◆ **GIVEN MATERIAL**:
*** Block opens ***

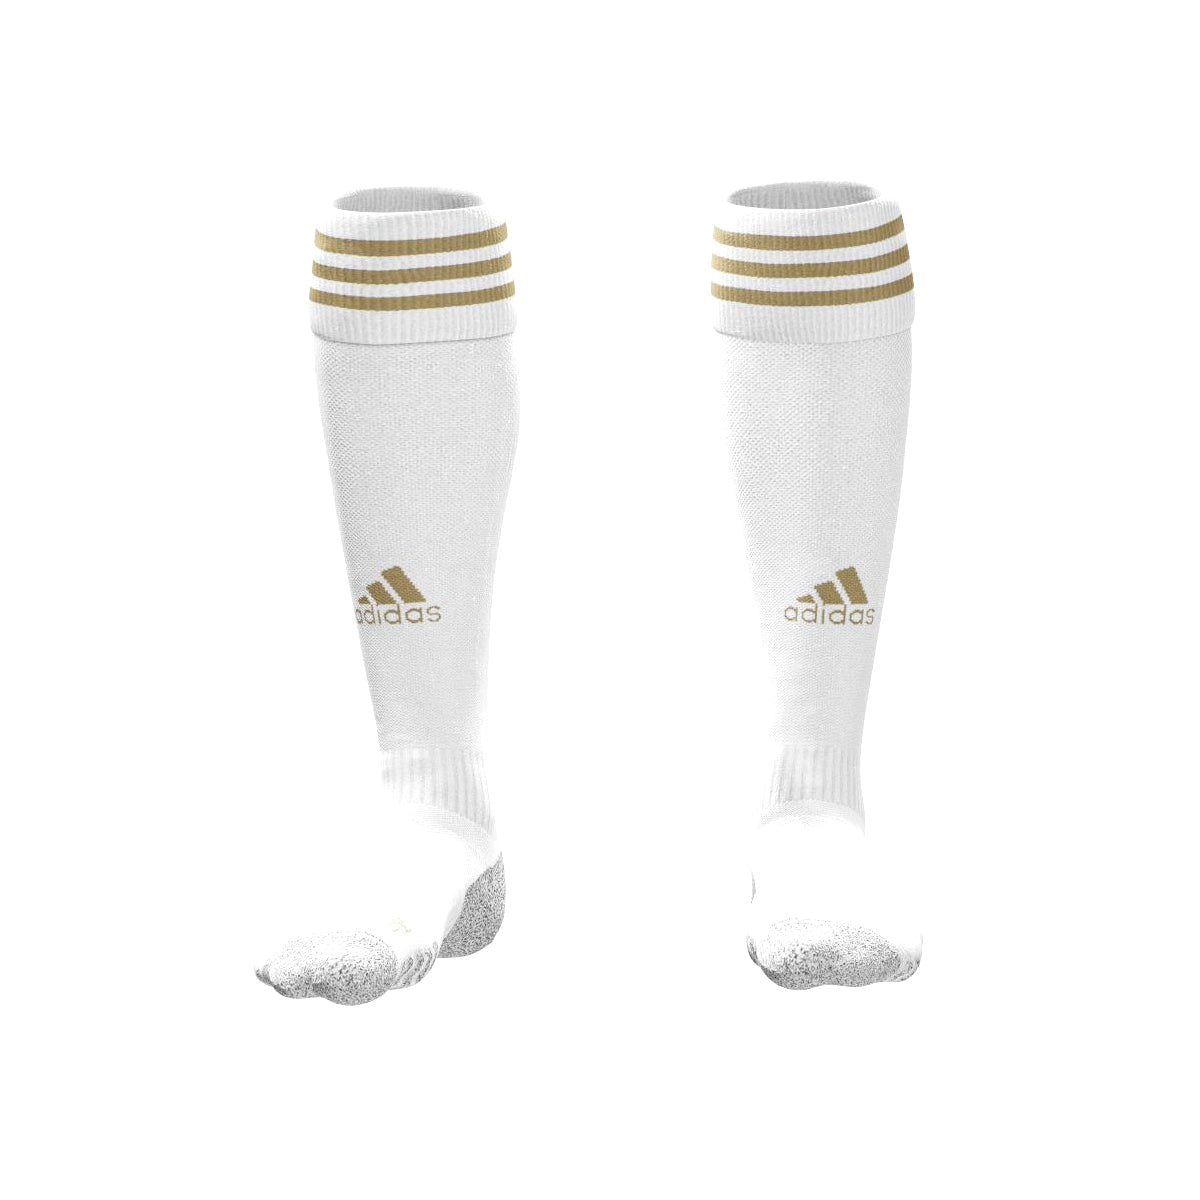 Pearl City Soccer Club Socks | Black and White Soccer Socks Adidas Size 1 (3-4.5 shoes) White 
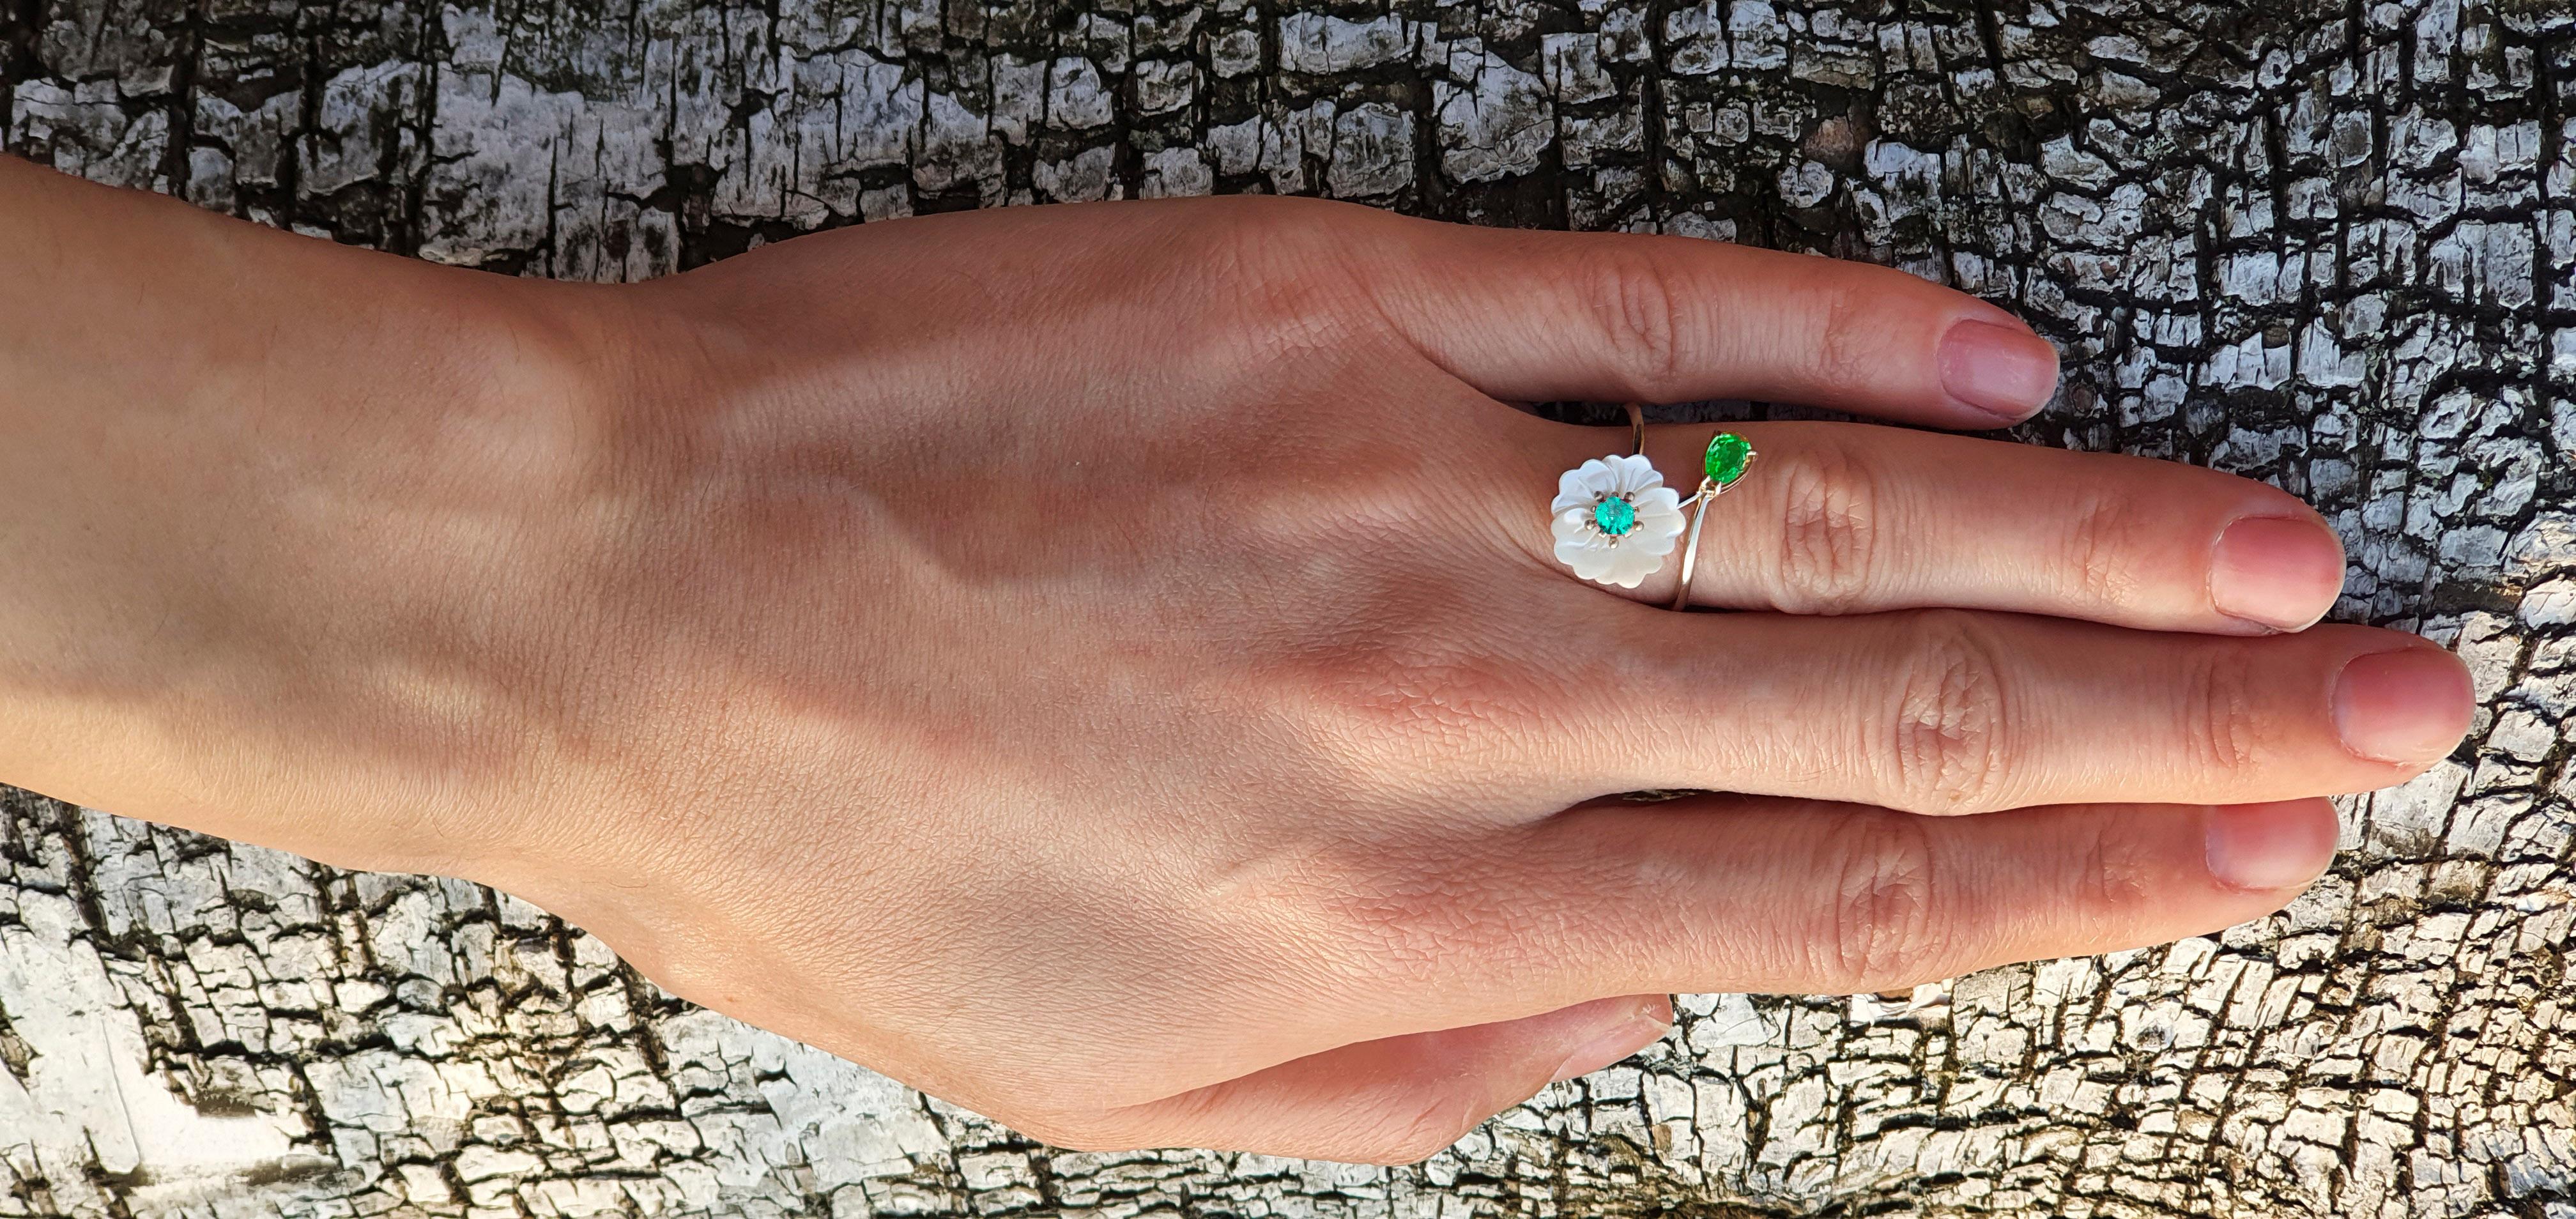 For Sale:  Carved Flower 14k ring with gemstones. 8
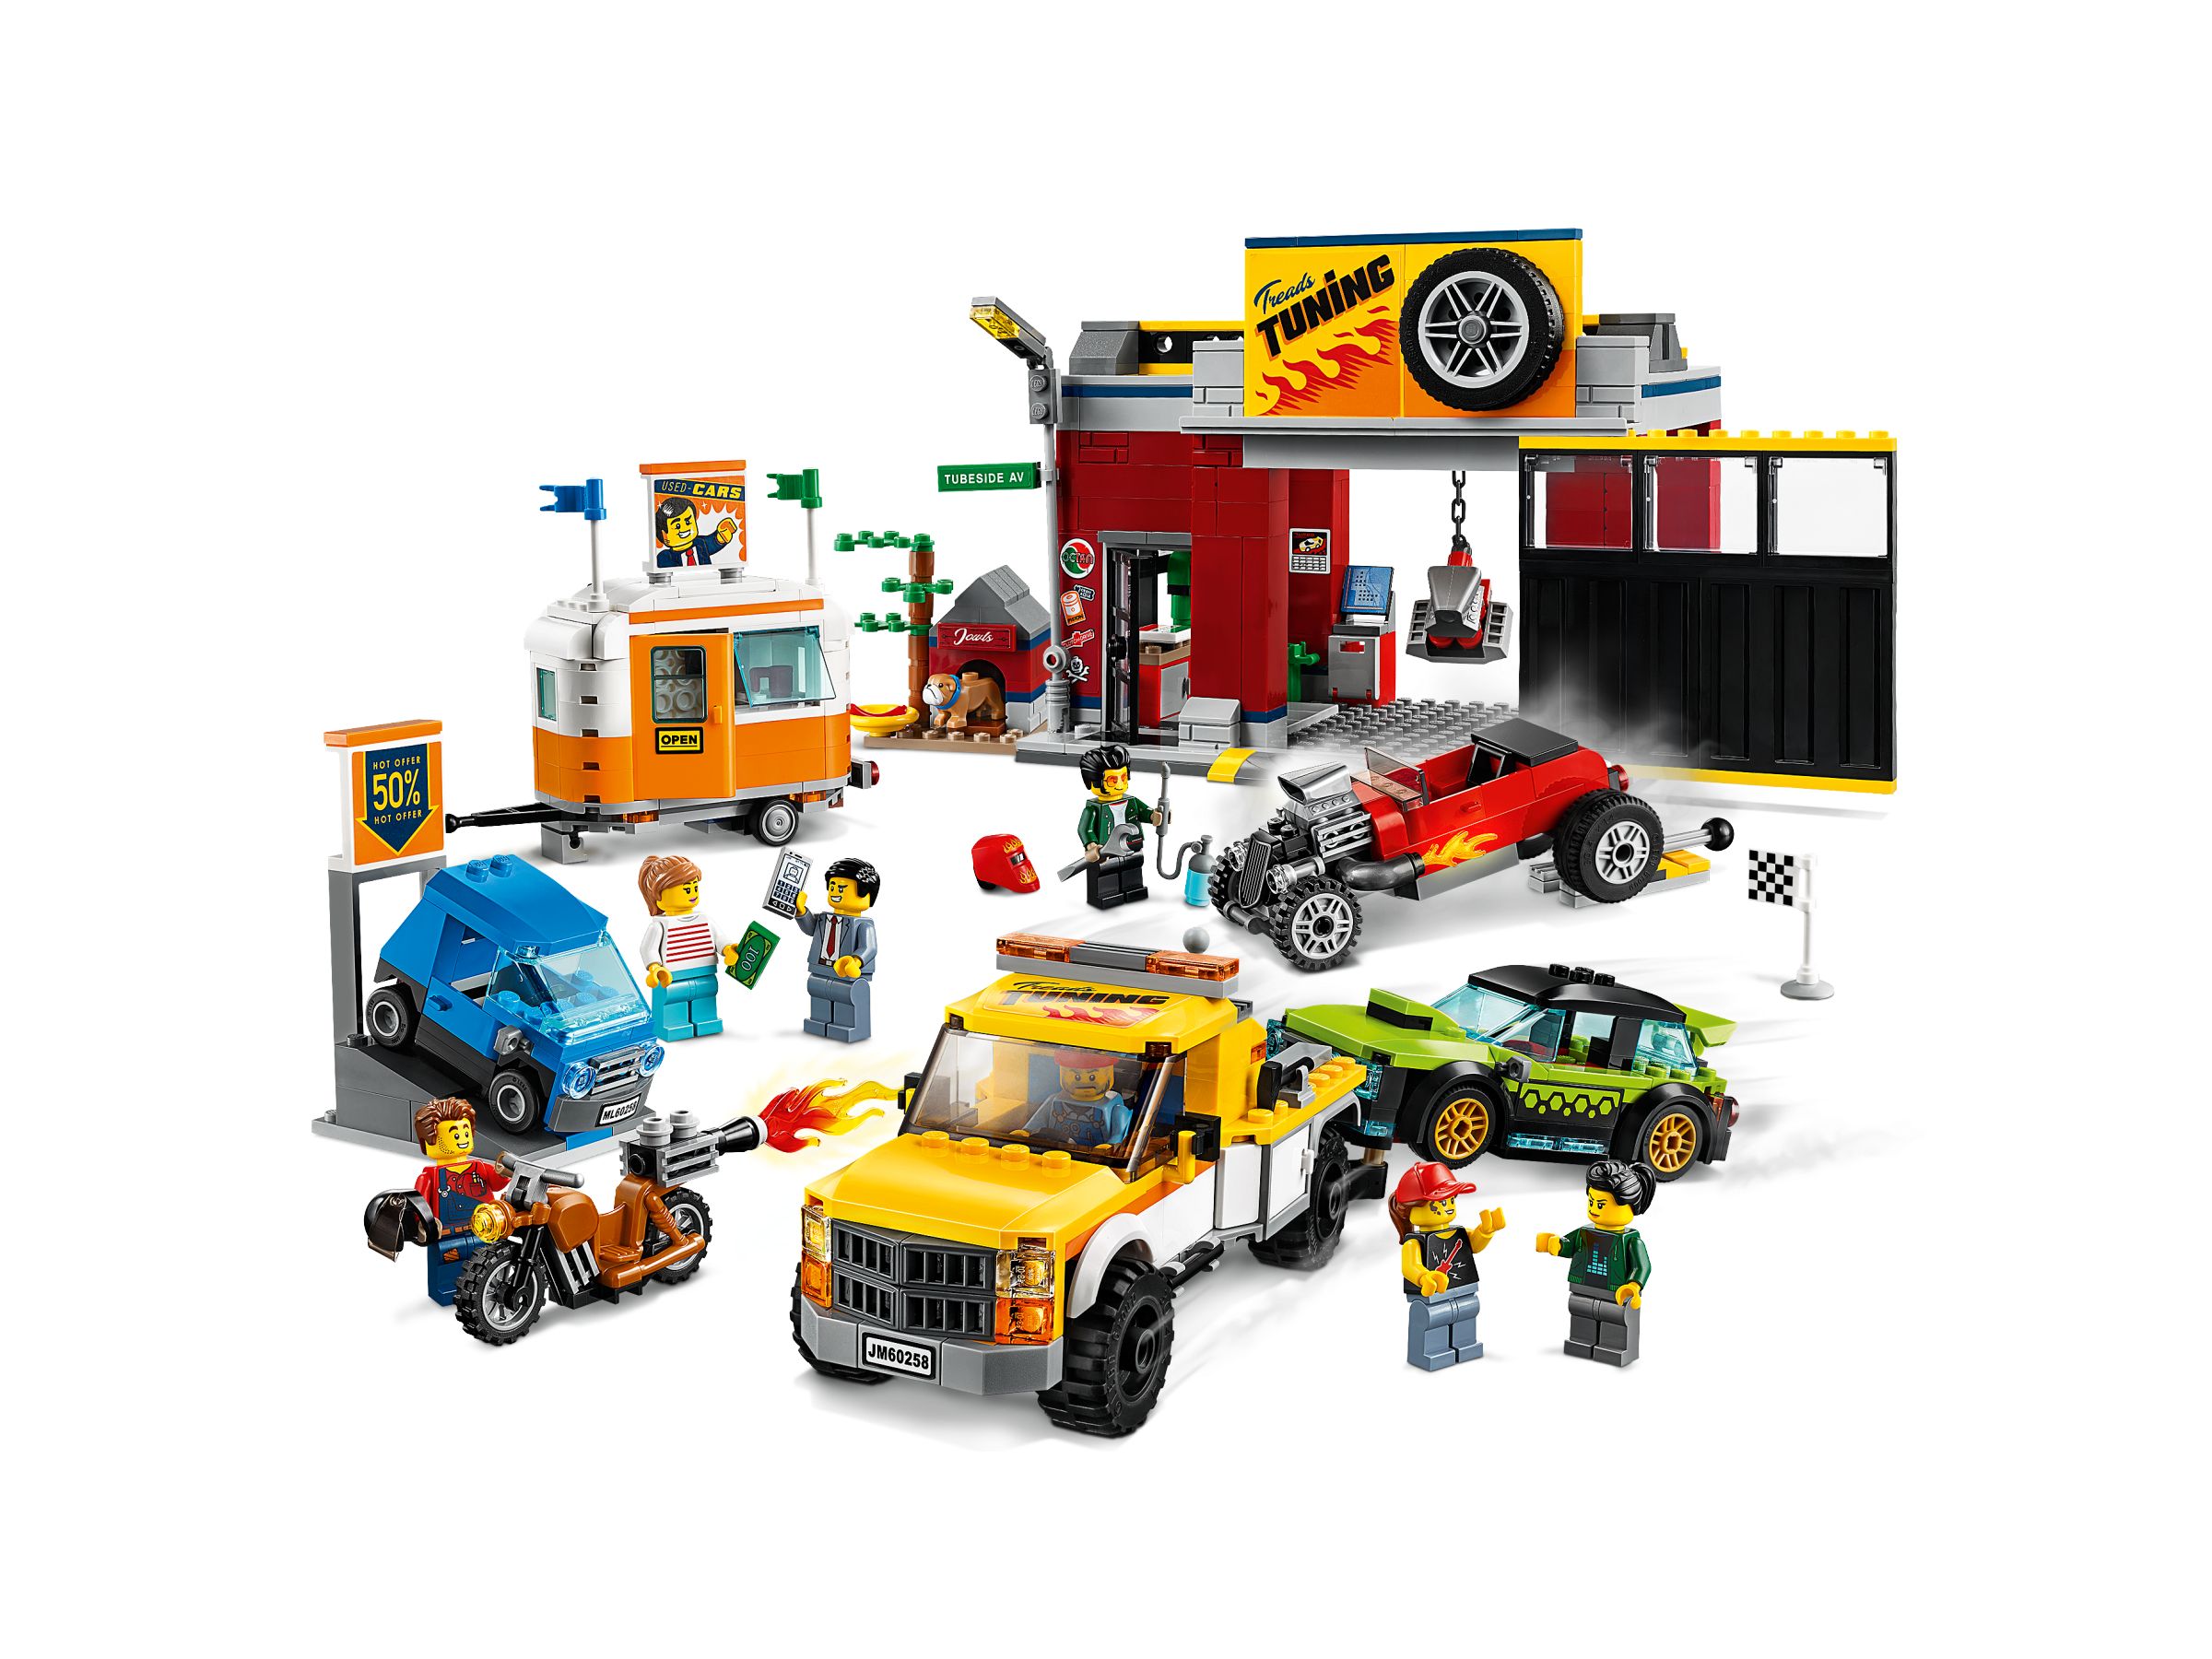 LEGO City 60258 Tuning-Werkstatt LEGO_60258_alt2.jpg

*** Block closes ***

Do not include the images; transcribe the rest of the listing exactly.

◆ **WORKED SOLUTION**:
 Pearl City Soccer Club Socks | Black and White Soccer Socks Adidas Size 1 (3-4.5 shoes) White 
 For Sale:  Carved Flower 14k ring with gemstones. 8
 LEGO City 60258 Tuning-Werkstatt LEGO_60258_alt2.jpg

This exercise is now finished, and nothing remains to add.